Un amour profond pour un être se loge en effet dans le cœur de tous les personnages principaux, lesquels peinent à le reconnaître ou à l’exprimer – si ce n’est parfois par la voie de l’écriture ou de la musique, deux arts étroitement liés dans l’œuvre de l’auteure et associés à une certaine pudeur. L’harmonie se formule peu. Il est aussi un amour mêlé de haine, « une étrange nostalgie » qui habite les personnages d’émigrés au Canada peuplant ses romans et qui peut se décliner en regret d’un sentiment d’unité et d’égalité, bien que ce fût une unité face à un avenir que l’on décidait à leur place, une unité dans l’impression de désolation. Mais celle-ci s’accompagnait d’une fougueuse joie de vivre dans ce théâtre-prison que constituait l’URSS, avec son unité de lieu (« Ma Patrie est l’Union soviétique ! ») et de temps (seul le futur rêvé compte !).

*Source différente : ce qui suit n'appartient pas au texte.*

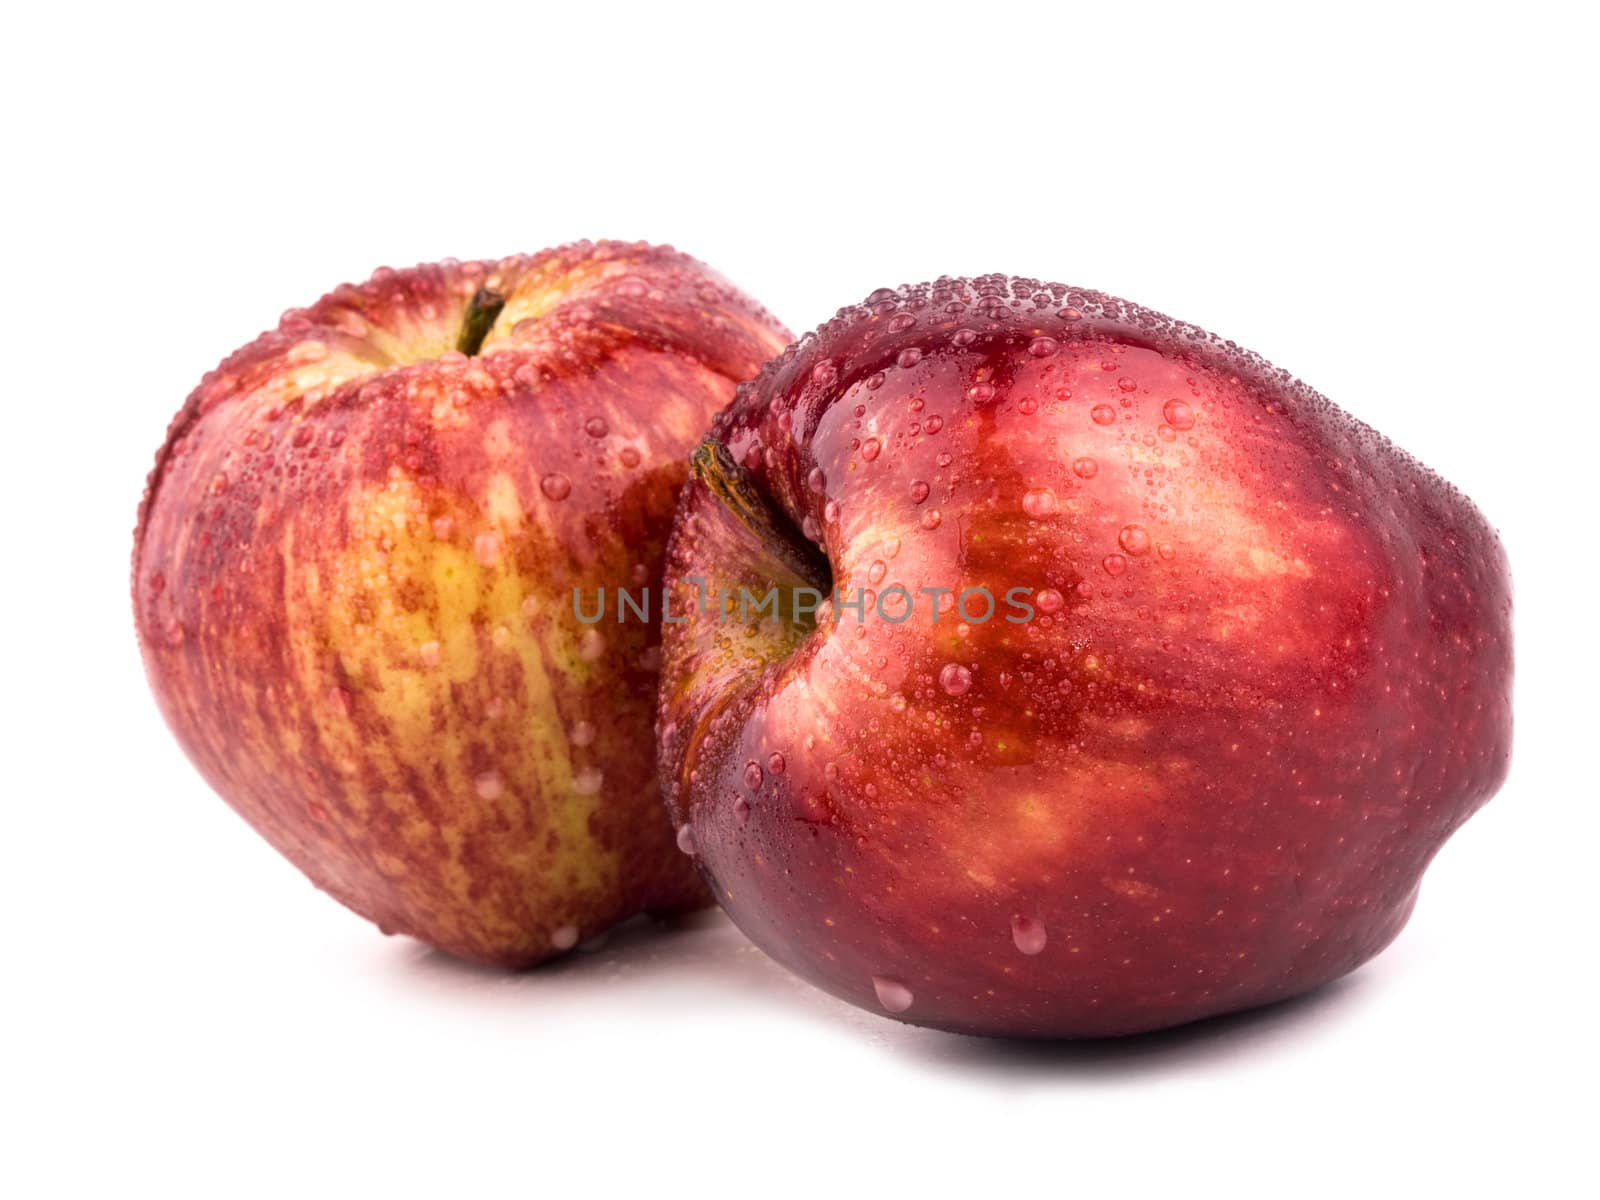 Two tasty red aplles on white background

Quant à M. Kisseleff, le vieux chanteur lyrique indifférent aux villes et pays qu’il traverse, il ne rêve qu’à la Russie qui se trouve sur scène et se reconnaît dans le Prince Eletski de La Dame de Pique, « un homme superflu », le fiancé rejeté… « Son amour n’est pas partagé, comme le sentiment d’un émigré vis-à-vis de son pays natal. » La gamme de la nostalgie s’enrichit lorsque son jeune compagnon, fils de fermier niçois, qui n’a jamais vu la Russie, en vient à ne pouvoir concevoir sa vie en dehors de la Russie d’opéra, hors de la Russie unique de M. Kisseleff…

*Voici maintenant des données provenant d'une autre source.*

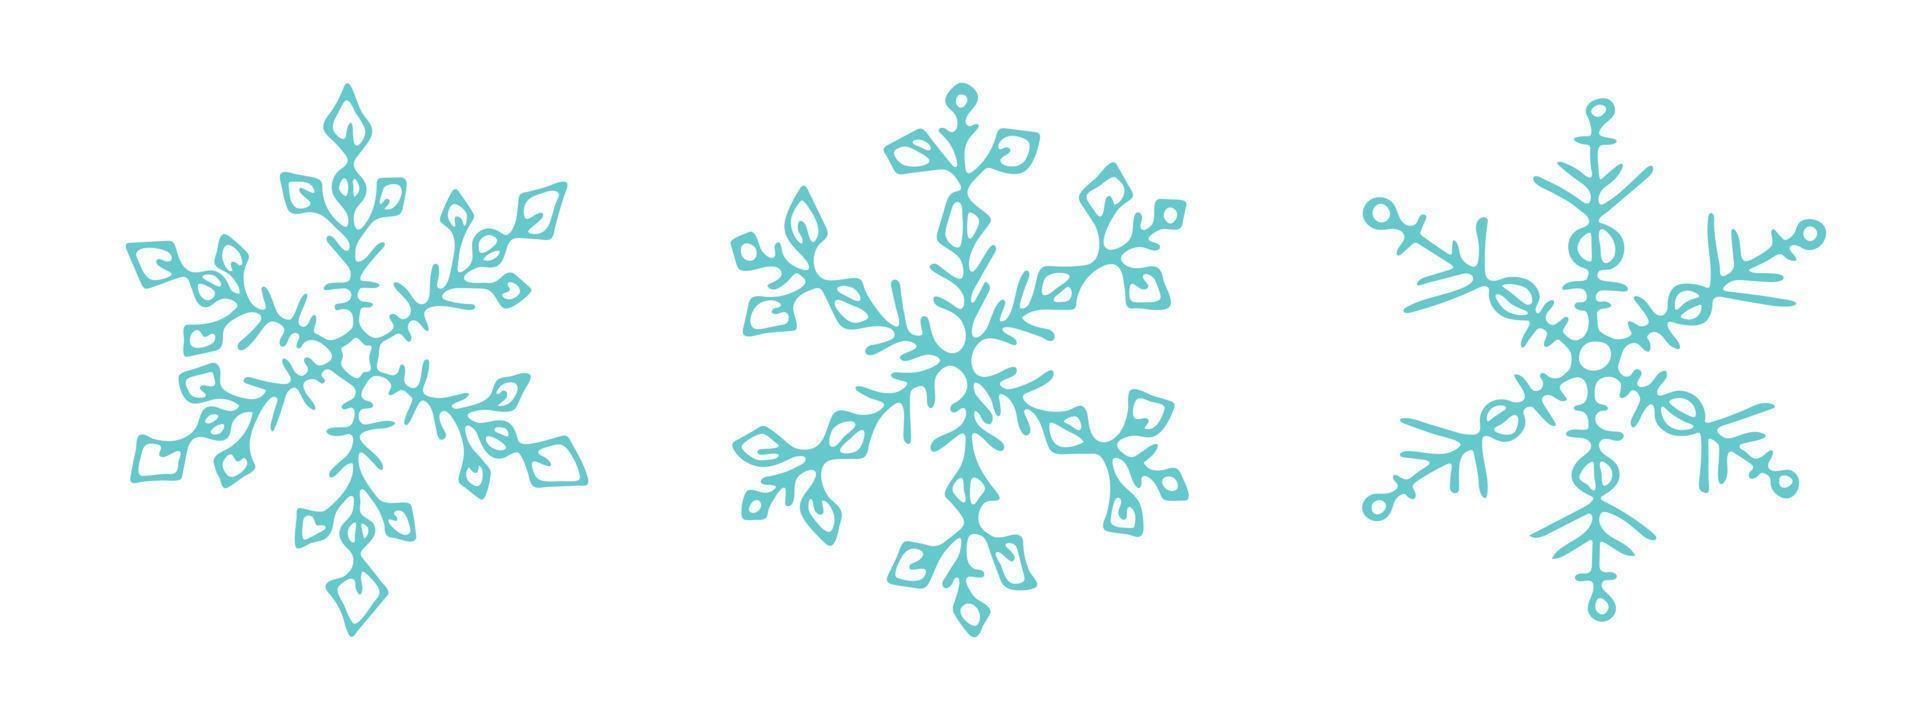 Set of cute hand drawn snowflakes. Vector doodle illustration. Christmas and New Year modern design. For print, web, design, decoration, logo.

Se plaisant souvent à entrelacer le réel et la fiction et à donner à ses œuvres une allure de fable ou de conte, Elena Botchorichvili nous conduit dans un univers bien à elle où l’arbre, le prince russe, la tendresse filiale, le pendu, la tombe ouverte, le suicide, sont autant d’images qui circulent d’un livre à l’autre, entrant en échos et croisant de courtes phrases répétées à la manière des refrains de comptine, pour construire une œuvre profondément musicale, où s’entremêlent la vie et la mort.
[Jeune enseignante de lettres à Paris, Éva Philippon porte ses recherches personnelles aussi bien sur la civilisation médiévale que sur les cultures russophones.]